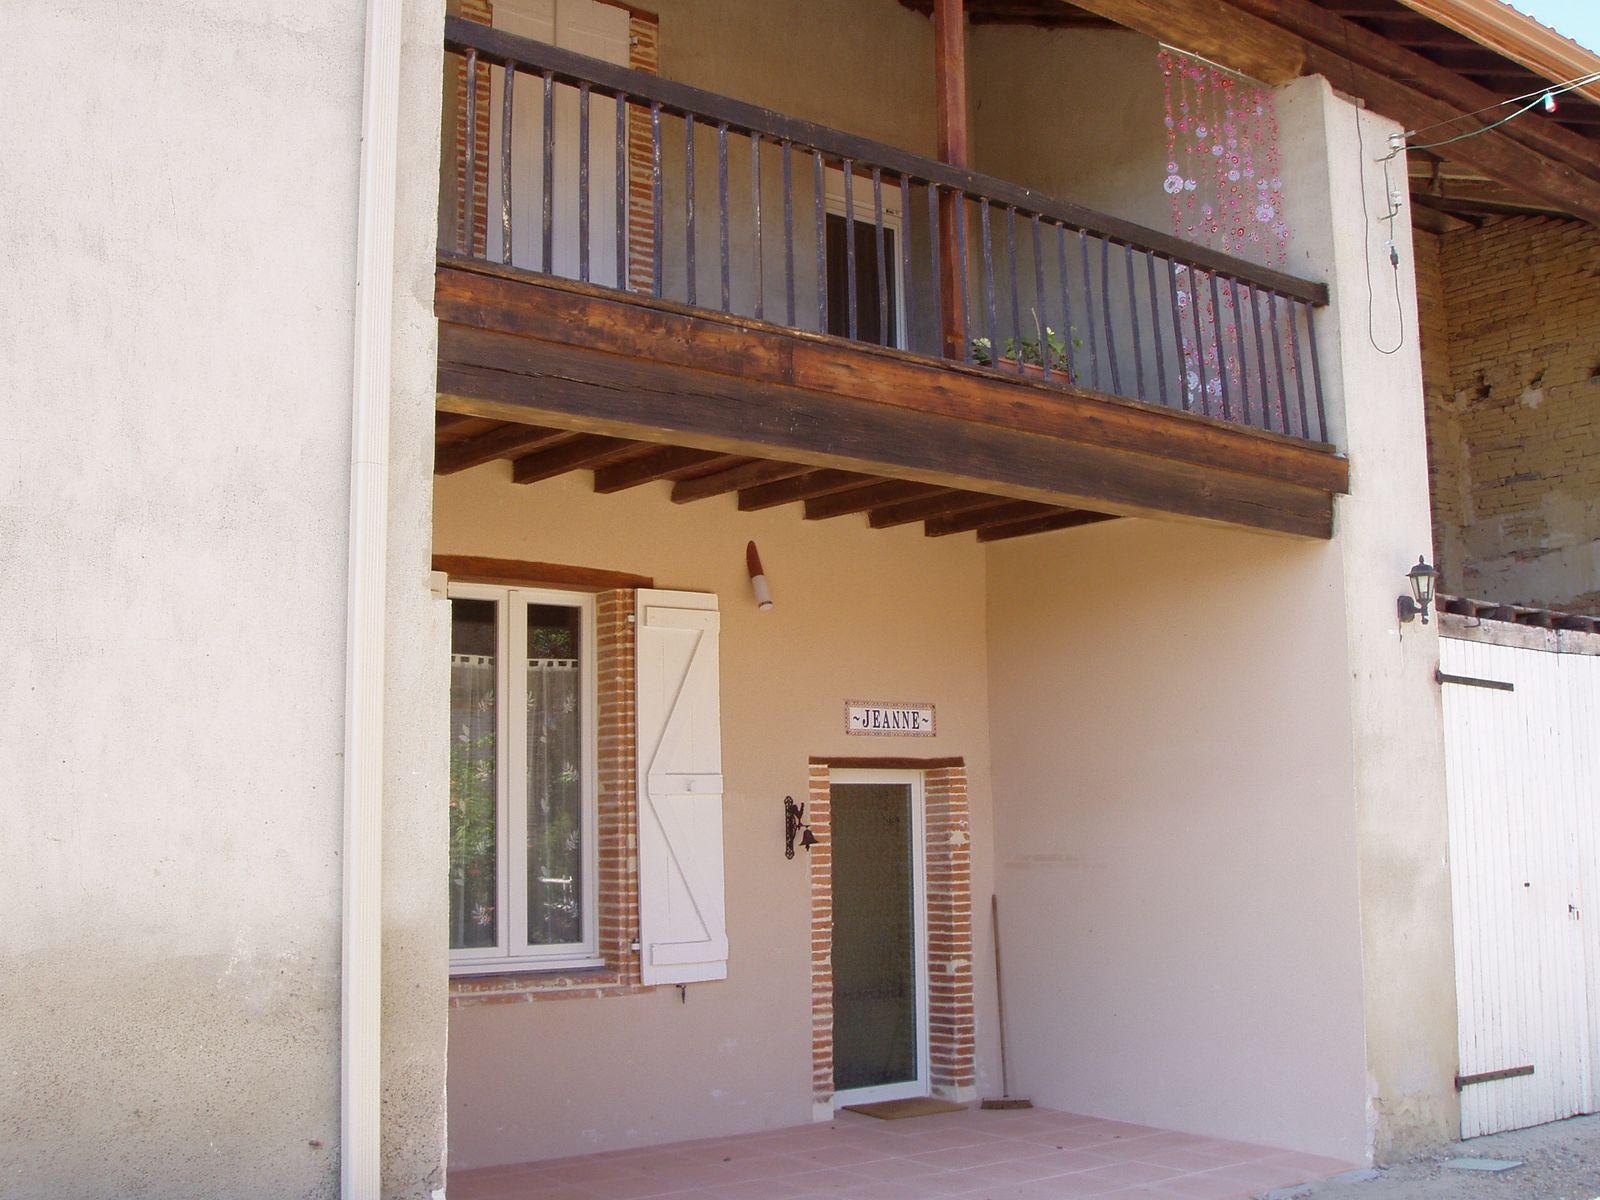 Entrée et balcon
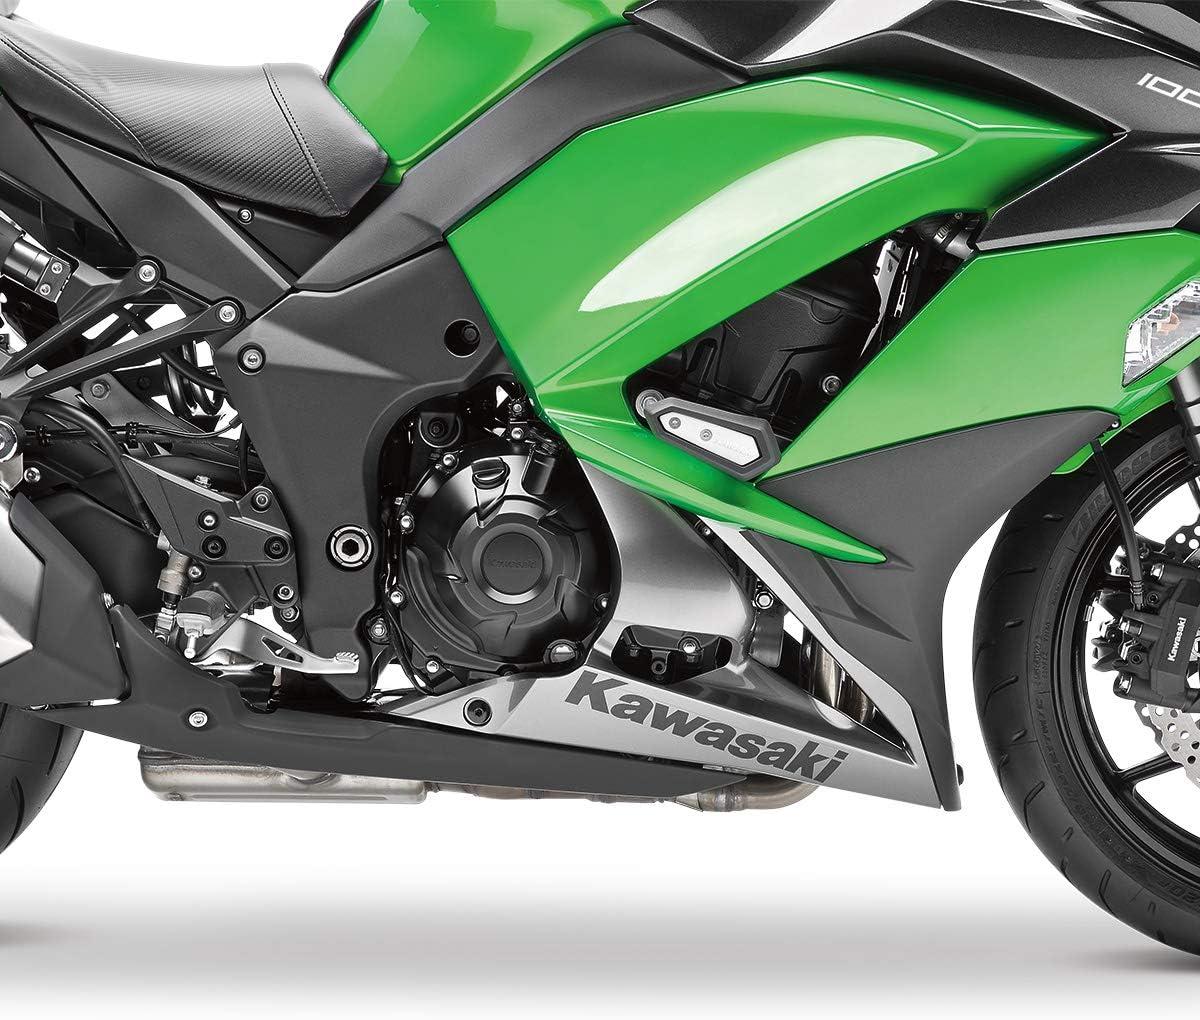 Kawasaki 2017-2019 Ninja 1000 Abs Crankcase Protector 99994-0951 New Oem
---
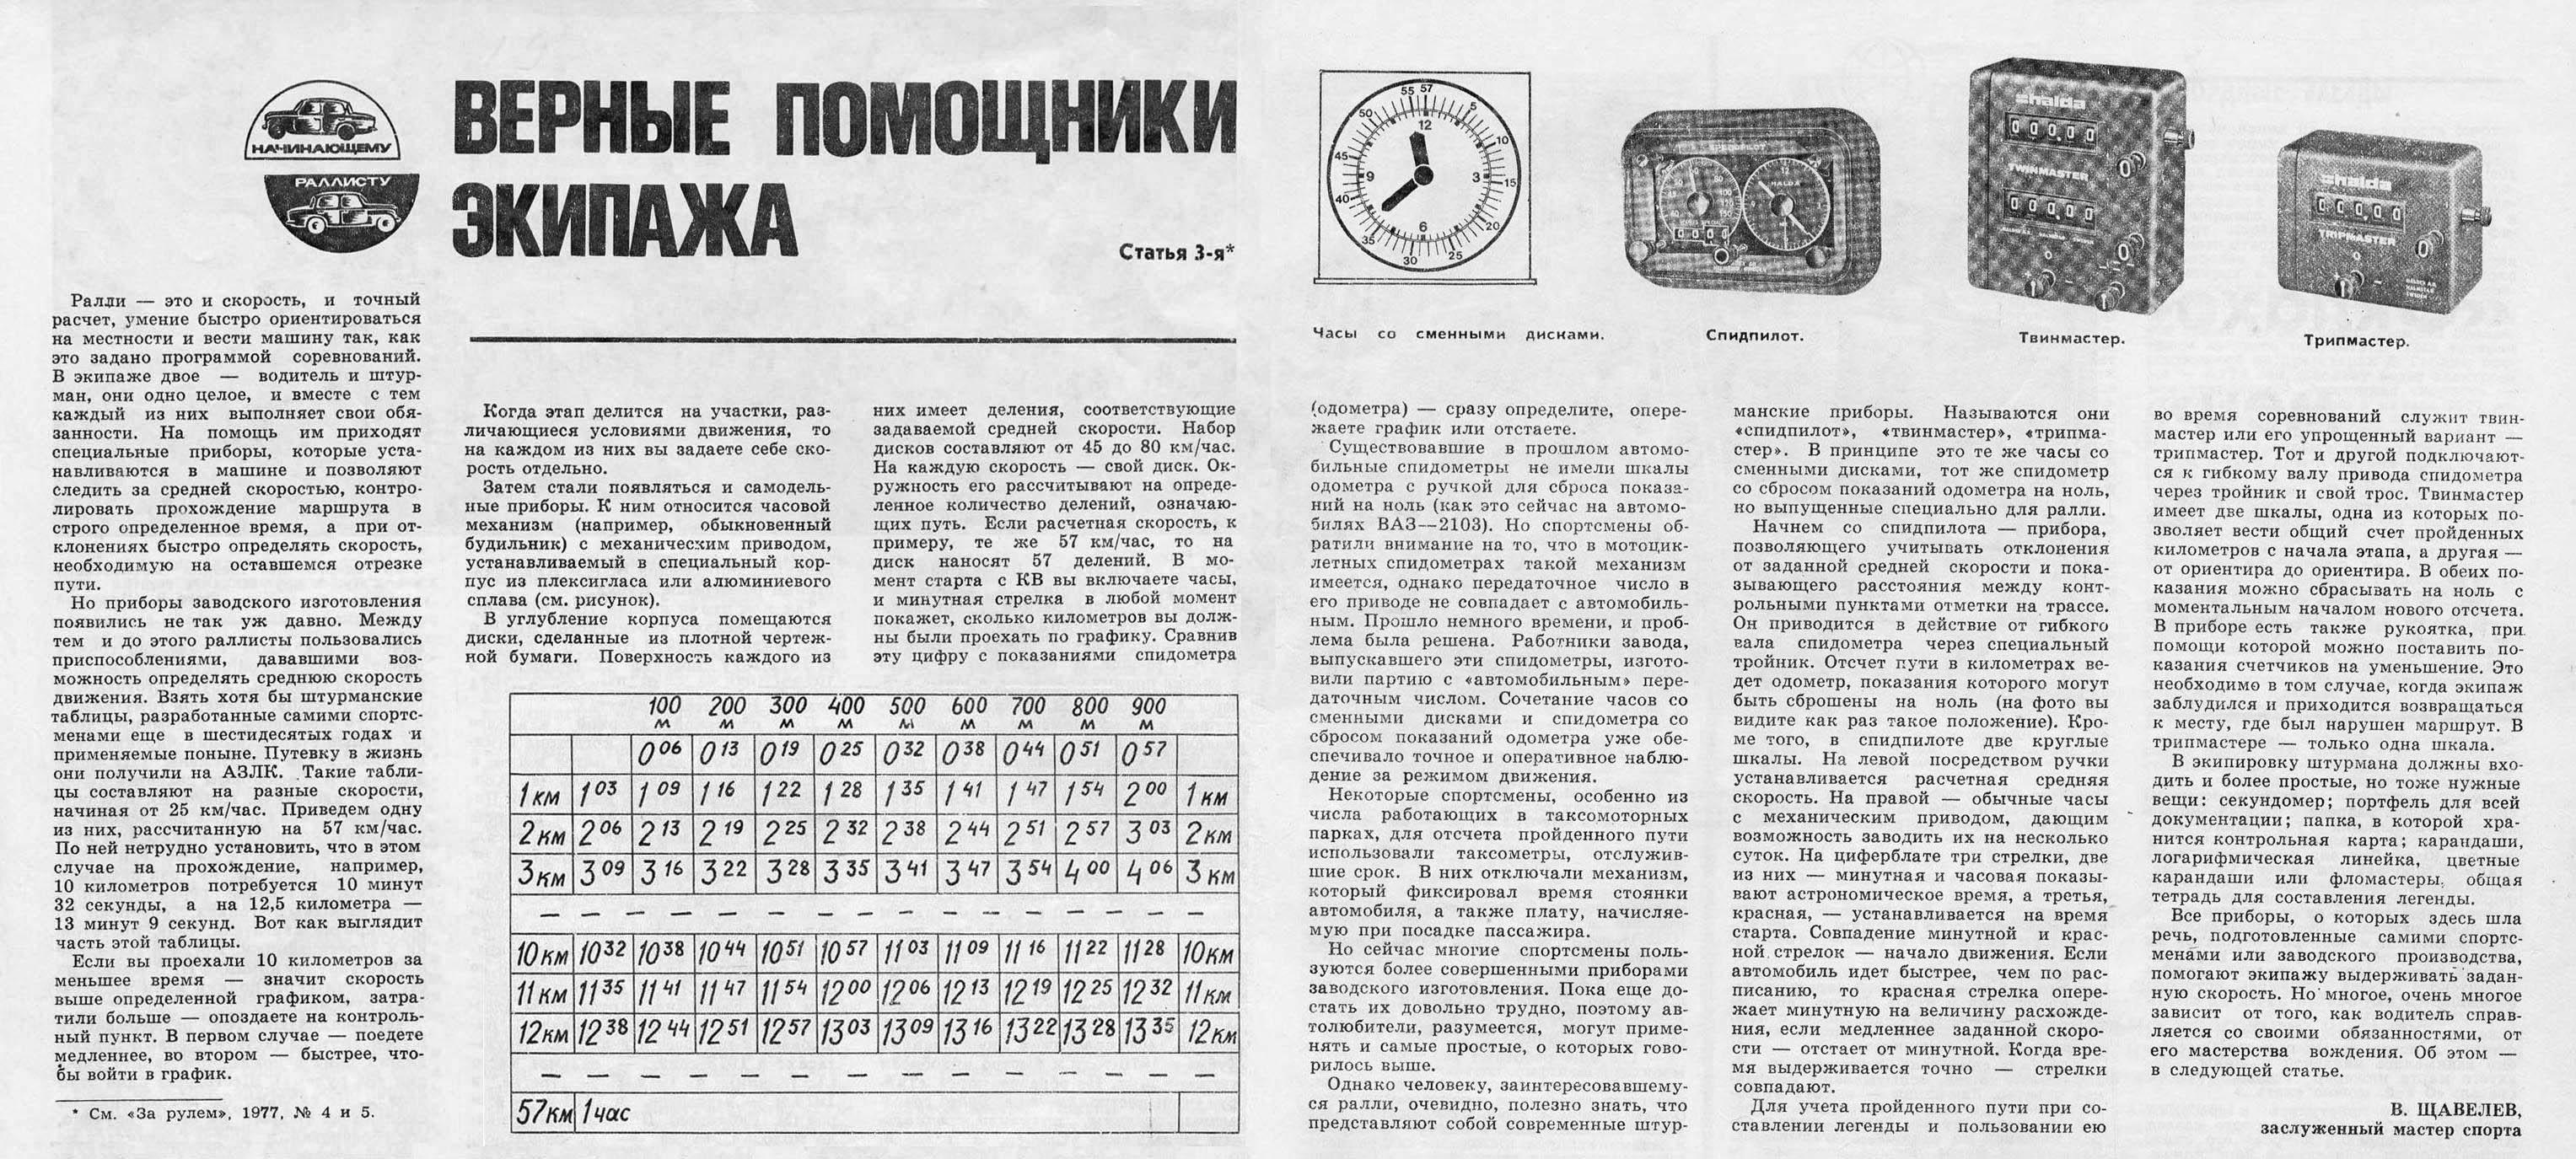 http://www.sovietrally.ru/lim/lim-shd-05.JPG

Task directions
Set the pictures aside and reproduce exactly the lines above, from the line holding "Entrée et balcon" through the line holding "Kawasaki 2017-2019 Ninja", both included, with nothing else.

Exercise result
 Entrée et balcon
 Kawasaki 2017-2019 Ninja 1000 Abs Crankcase Protector 99994-0951 New Oem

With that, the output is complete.